Lorsque l’Île s’envole au-delà de l’horizon des possibles

Ou en d’autres termes, qu’advient-il de ces multiples désirs, lorsque Sheeta et Pazu prononcent en cœur la formule interdite détruisant par cet acte la puissance armée de cette civilisation, libérant dans un même temps les racines de l’arbre de leur gaine en métal, laissant alors Laputa s’envoler, délestée de sa lourdeur militaire, trouvant enfin une nature unique. Il est évident que le désir de puissance de Muska se trouve immédiatement anéanti, lui qui n’aspirait vers l’Île que pour s’emparer de ses armes. D’ailleurs Muska lui-même disparaît, dans une chute terrible, dont on ne voit pas la fin. Remarquons en passant le parallélisme avec la chute de Sheeta qui atterrit en douceur dans les bras de Pazu – l’une ange sauveur, l’autre ange déchu (voir article à paraître).

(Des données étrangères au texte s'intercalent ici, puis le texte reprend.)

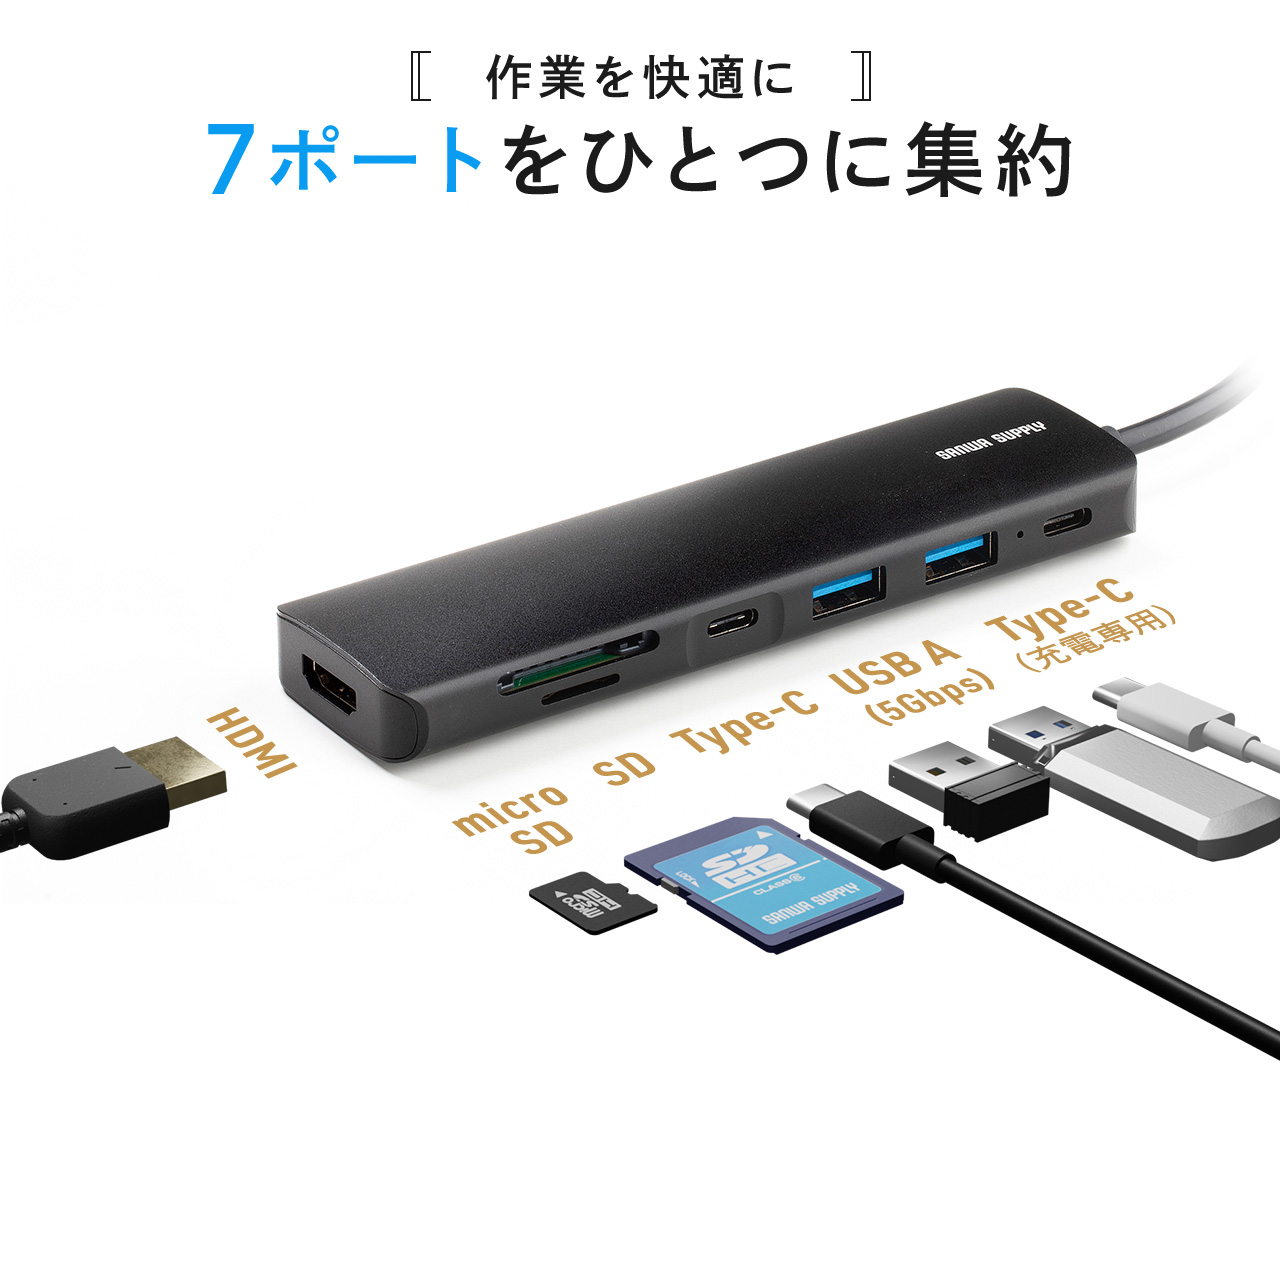 ☆送料無料 Plugable USB-C ドッキングステー ドリーダー付き 49スポーツ/アウトドア

Laputa ainsi déracinée de son arsenal, de sa basse nature, s’envole au-delà des aspirations humaines, elle devient à jamais inatteignable, hors de l’horizon des désirs humains. Ceux-ci n’ont plus de raisons d’être, car ils sont devenus sans objet, sans réalisation possible. Son envol libère d’un même élan l’humanité de son attrait, comme de sa menace; libère l’humain de ses désirs matériels (puissance et richesse). Le seul désir vraiment assouvi est celui de Pazu, qui a vu pour croire et qui maintenant sait et qu’autrui devra désormais croire sur parole; le seul désir réalisé est ce désir qui n’est pas un désir de possession ou d’appropriation, mais de connaissance et de contemplation. L’on peut dire aussi d’une certaine façon que le désir de Sheeta est également accompli – une absence de désir pour Laputa, ou un désir d’immanence, de retour à la Terre (voir prochain article sur le déracinement), bref d’horizontalité. Ce n’est qu’en détruisant Laputa – ou sa partie basse – que Sheeta réalise son désir, s’affranchissant elle-même du fardeau de l’héritage. Quant aux pirates, même s’ils n’ont pas eu le temps de s’emparer de toutes les richesses de l’Île, ils ont néanmoins récupérés quelques trésors, mais peut-être aussi, comprend-t-on que leur désir n’étaient pas que désirs de richesses, mais qu’il est supplanté par l’amour et l’amitié, par la vie ensemble.

Et Laputa? Laputa est définitivement débarrassée de son excroissance humaine, elle est désormais une véritable transcendance divine qui vit de sa vie propre, indifférente aux humains, libérée de leurs désirs possessifs (richesse, puissance).